William Shakespeare turns 456 on 23rd of April 2020. His birthday is celebrated in thousands of places around the world every year. The Shakespeare Birthplace Trust, along with the other major English Shakespeare institutions like the Globe Theatre and the Royal Shakespeare Theatre will, of course, be celebrating Shakespeare’s birthday.
As we look back on the four and a half centuries since Shakespeare was born we cannot but be overwhelmed by the influence he had on the world – in so many ways. Philosophically, poetically, linguistically and even, yes, morally – when you consider the meanings of his stories – he was unparalleled.
But in 1564, the year the baby William was launched into the world, there were other giants already here. Queen Elizabeth 1 was about to mount the throne of England. And on the day Shakespeare was born her great mariner, Francis Drake, 22 years old, was on his first voyage to the Americas, sailing with his cousin, Sir John Hawkins, on one of the fleet of ships owned by the Hawkins family of Plymouth.
Martin Luth died during that year, after transforming the world, and John Calvin died almost exactly a month after Shakespeare was born. But it’s far more pleasant to think about another Englishman, Christopher Marlowe, and the Italian Galileo, both born in the same year as Shakespeare and who had a more positive effect on the world than the two religious reformers. Or the fact that Michelangelo himself overlapped briefly with Shakespeare, dying just a month after Shakespeare was born. (See our post on the famous people who share a birthday with Shakespeare.)
The world was growing fast when Shakespeare and his fellow little giants were being born. The voyages of discovery were pushing the borders of geography and thought and imagination further every day. In 1654 the French Huguenot explorer, Rene Goulaine de Laudonniere sailed from France to establish Fort Caroline, now Jacksonville, in America. Meanwhile, voyages around the Cape at the tip of Africa were becoming routine as a means of carrying out the spice trade with India.
And so, Shakespeare, happy birthday. For you’re a jolly good fellow, which nobody can deny.
Birthdays in the Elizabethan Era
Strange to think of the big birthday celebrations that we honour Shakespeare with, considering that birthdays weren’t celebrated during his time. In the Elizabethan era many people didn’t even know the date of their birth and, indeed, we don’t actually know Shakespeare’s birth date – only the date he was baptised.
Perhaps the aristocracy marked their birthdays back then, but there is very little of that recorded. I have unearthed one mention of an Elizabethan birthday party, however – that of thirteen-year-old Mall Sidney.
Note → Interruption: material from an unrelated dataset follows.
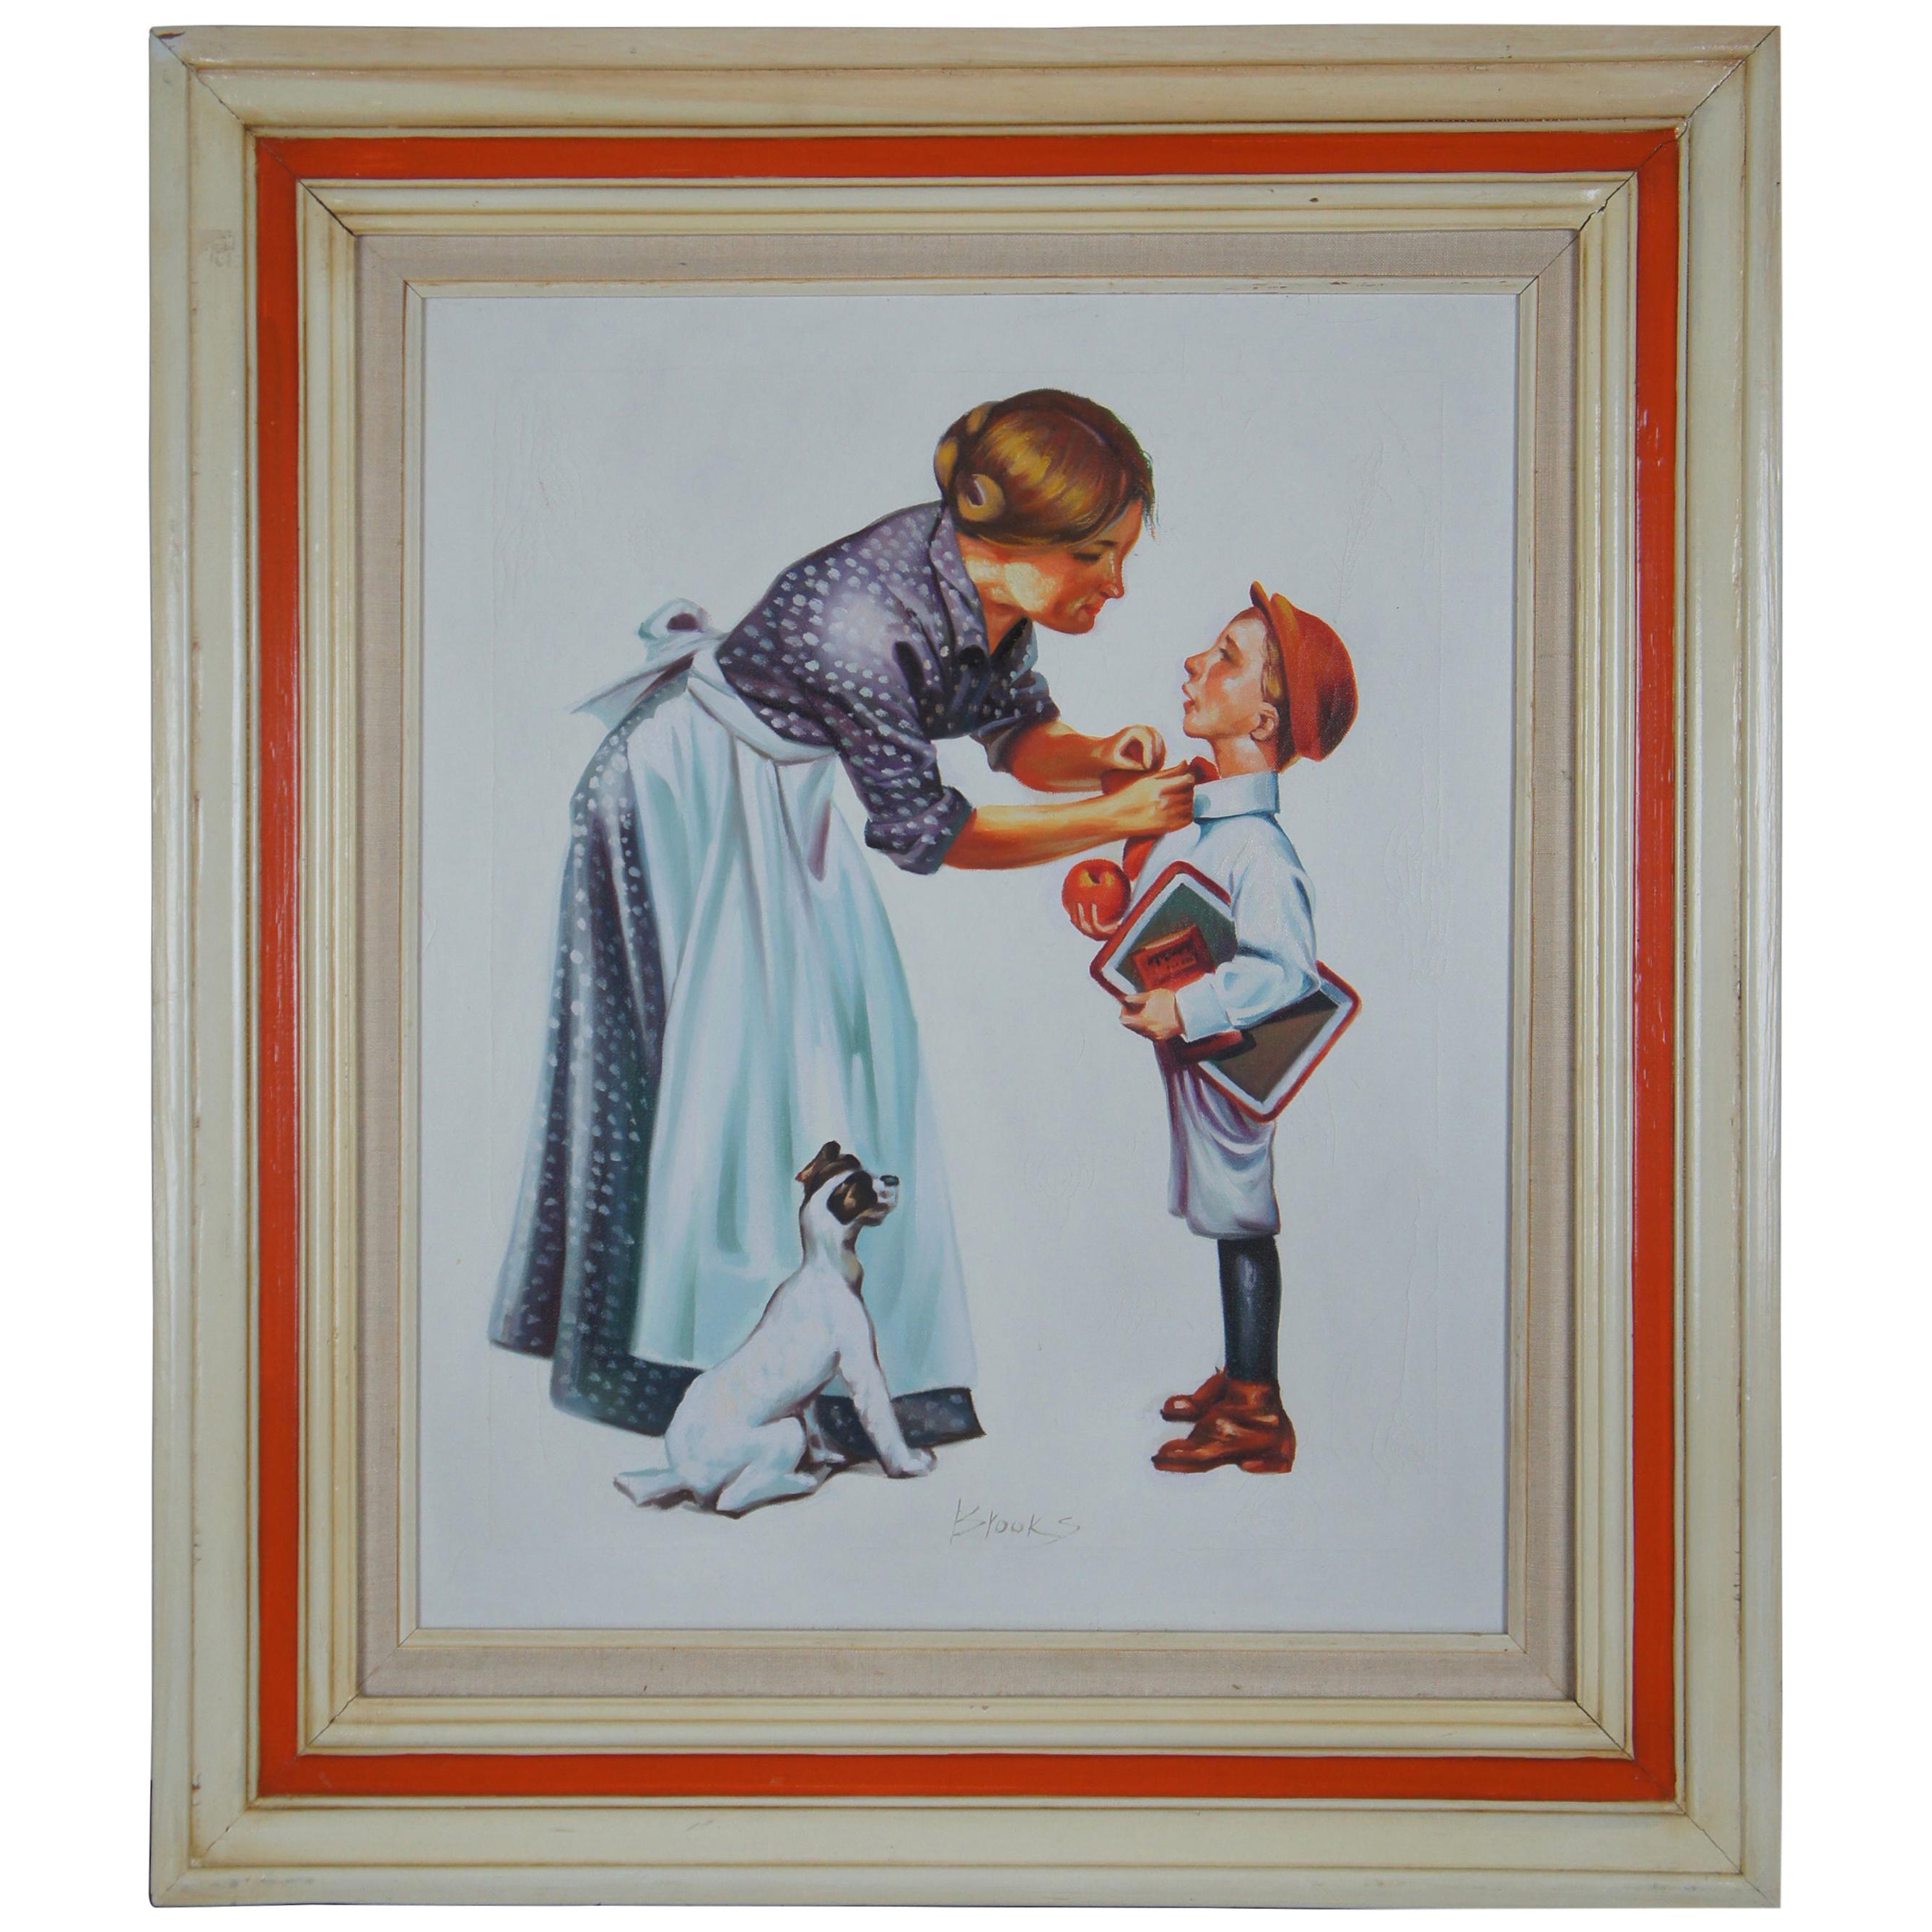 First Day of School Realist Illustration Oil Painting Canvas by Brooks, 1950s

Mall grew up to become the famous writer, Lady Mary Wroth, Countess of Pembroke. She was the daughter of Robert Sidney, the brother of the illustrious poet and soldier, Sir Phillip Sidney. They were a very high ranking family. Lady Mary was the first English woman author to write a sustained work of prose fiction. Like Shakespeare, she also wrote a sonnet cycle. The American biographer, Margaret Hannay, produced a biography of Mall in 2010: Mary Sidney, Lady Wroth. She reports: ‘On 18 October 1600 Whyte came to Penshurst, no doubt along with other guests, to celebrate Mall’s thirteenth birthday.’ (p. 77) Unfortunately, Margaret Hannay doesn’t describe the party so we still don’t know how even those who did mark birthdays celebrated them.
There is no indication that even monarchs celebrated their birthdays. Everyone had a saint associated with their birth dates, though, and sometimes they would pay their respects to their saints on their birthday.
Perhaps the best confirmation of the lack of birthday celebrations is the fact that we don’t find much mention of them in Shakespeare’s works (though there are a few examples of Shakespeare on birthdays).
It’s doubtful whether Shakespeare gave a second thought to his own birthday, even if he knew what date it was. But we can imagine, on that day, John and Mary Shakespeare gazing down on the new member of their family, eyes tight shut, sleeping peacefully in the cradle at the foot of their bed. How could they know that the tiny creature they had just produced was going to be one of the greatest writers who had ever lived and was not to be outdone for at least four hundred and fifty years? It’s a sublime thought, isn’t it?